Quand la chute des cours du pétrole finit par faire grimper les prix mondiaux du blé ! En Russie, le déclin des revenus pétroliers a fait plonger la monnaie russe, le rouble, et l'inflation menace. Pour contenir le prix du pain, les autorités de Moscou ont décidé de maintenir le plus possible de blé russe dans le pays, aux dépens des exportations.
D'abord en relevant le prix public d'achat du blé auprès des fermiers russes, pour reconstituer les réserves nationales. Ensuite, par tout un tas de tracasseries pour les exportateurs : il est très difficile depuis quelques jours pour les vendeurs et les acheteurs de blé russe d'obtenir les certificats d'inspection sanitaires de leurs cargaisons. Les trains de marchandises acheminant le blé vers les ports seraient aussi très ralentis.
Moscou ne peut pas officiellement décréter d'embargo sur ses exportations de blé, comme ce fut le cas en 2010 : la Russie fait désormais partie de l'Organisation mondiale du commerce. Mais selon l'association russe des exportateurs de produits agricoles, le quatrième exportateur mondial de blé ne garantirait plus ses livraisons qu'à l'Egypte, la Turquie, l'Inde et l'Arménie. Par ailleurs, les fermiers russes ont intérêt à faire de la rétention de leurs derniers quintaux de blé, une valeur plus sûre que les roubles qu'ils pourraient en tirer et qui se dévaluent jour après jour.

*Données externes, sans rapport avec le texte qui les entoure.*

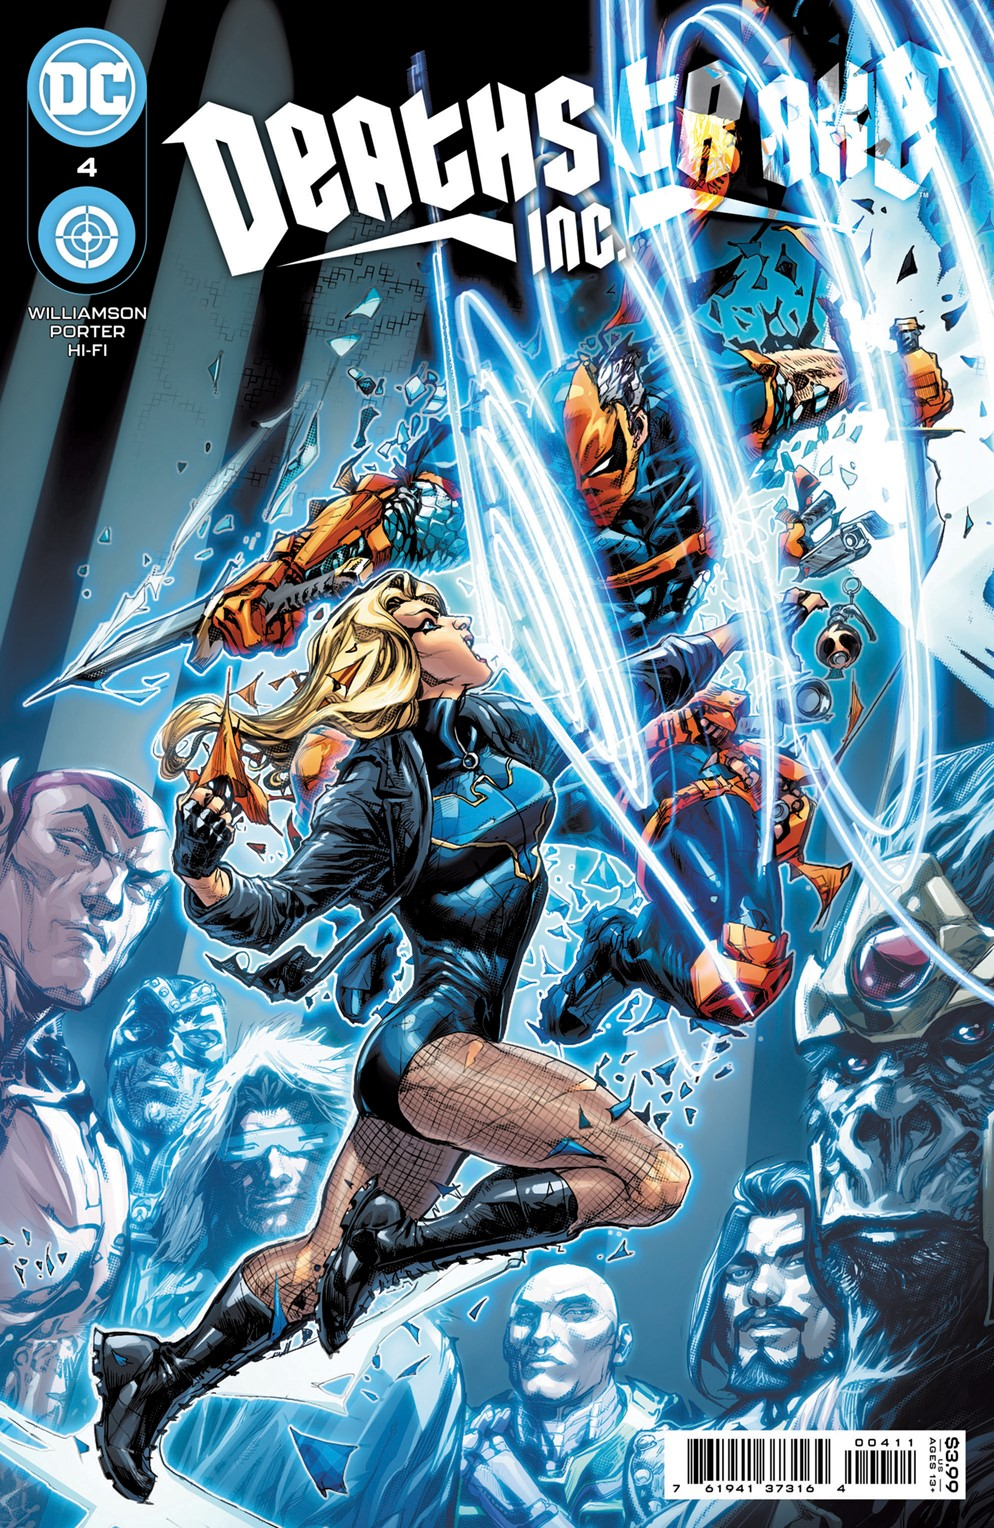 DSKINC_Cv4 DC Comics December 2021 Solicitations
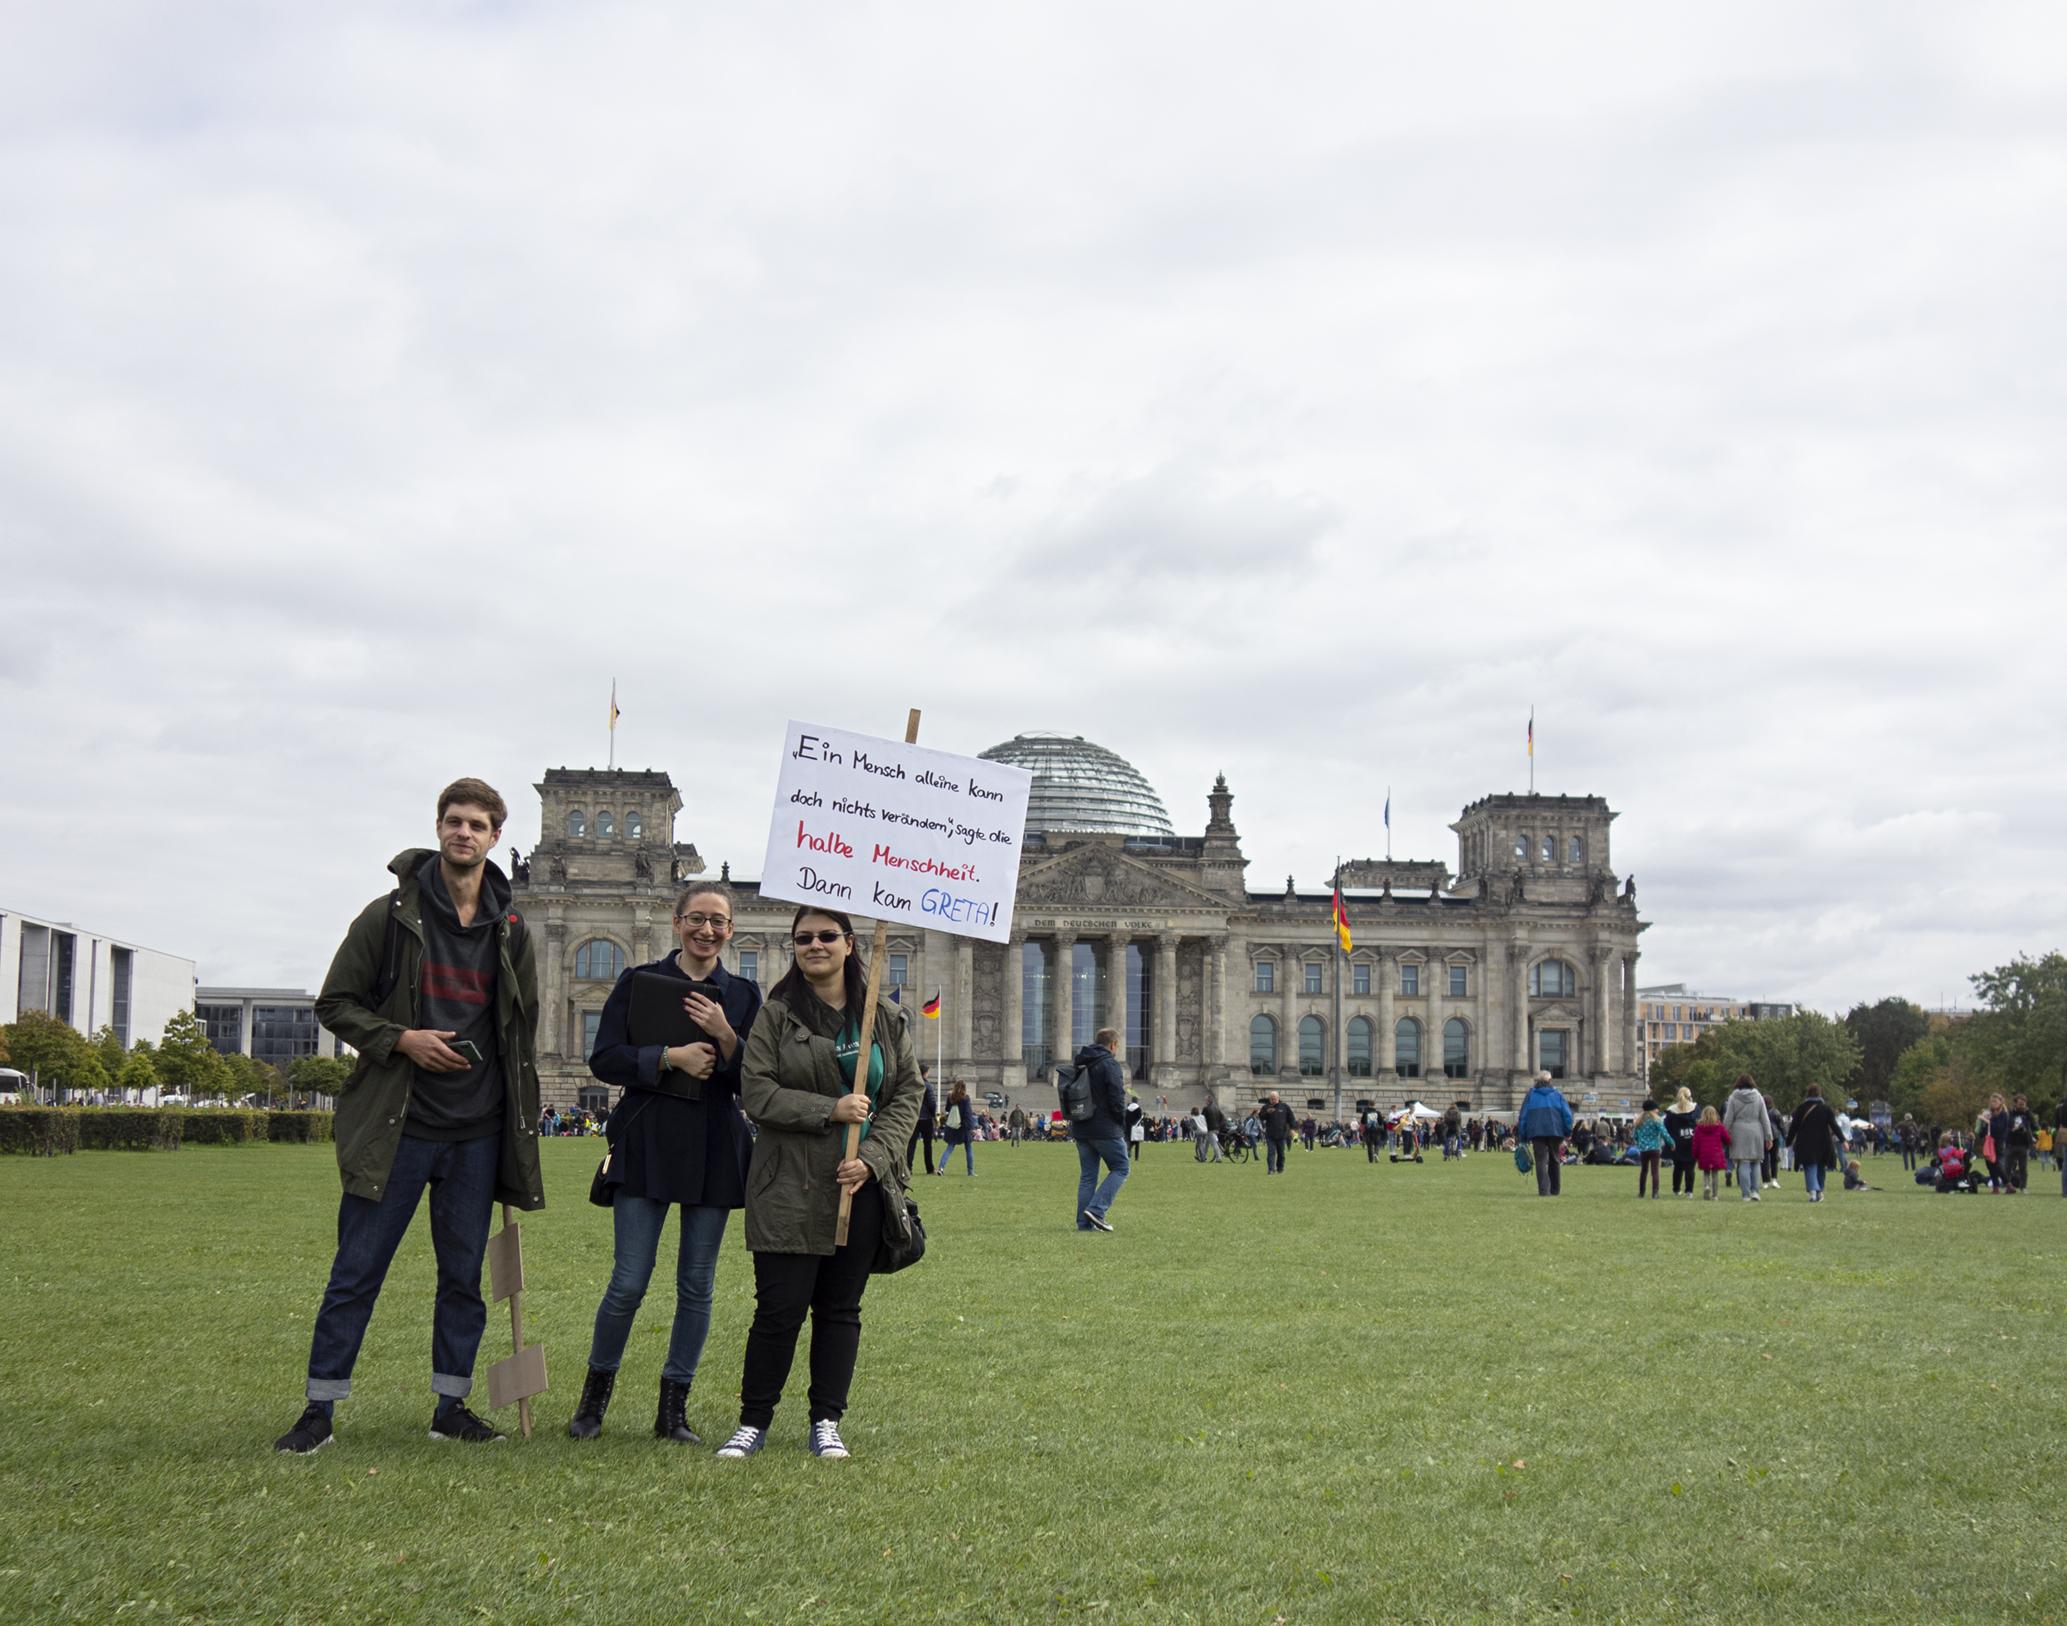 """Drei Personen stehen auf der Wiese vor dem Reichstagsgebäude. Eine der Personen hat ein Schild in der Hand. Auf dem Schild steht: """"Ein Mensch alleine kann doch nichts verändern. sagte die halbe Menschheit. Dann kam Greta."""""""

L'idée d'un amoindrissement de l'offre disponible pour le commerce international rend fébriles les bourses des céréales. Alors que les cours s'étaient tassés sous l'abondance planétaire des récoltes, ils sont repartis à la hausse en décembre. A Paris, le blé dépasse allègrement les 200 euros la tonne ; à Chicago, les cours ont grimpé de 16 % sur six séances. Un affolement des marchés qui pourrait retomber très vite, car la majeure partie des exportations russes ont déjà eu lieu. Si un report de commandes devait s'effectuer, il bénéficierait au blé américain, plutôt qu'au blé européen, pauvre en qualité panifiable cette année.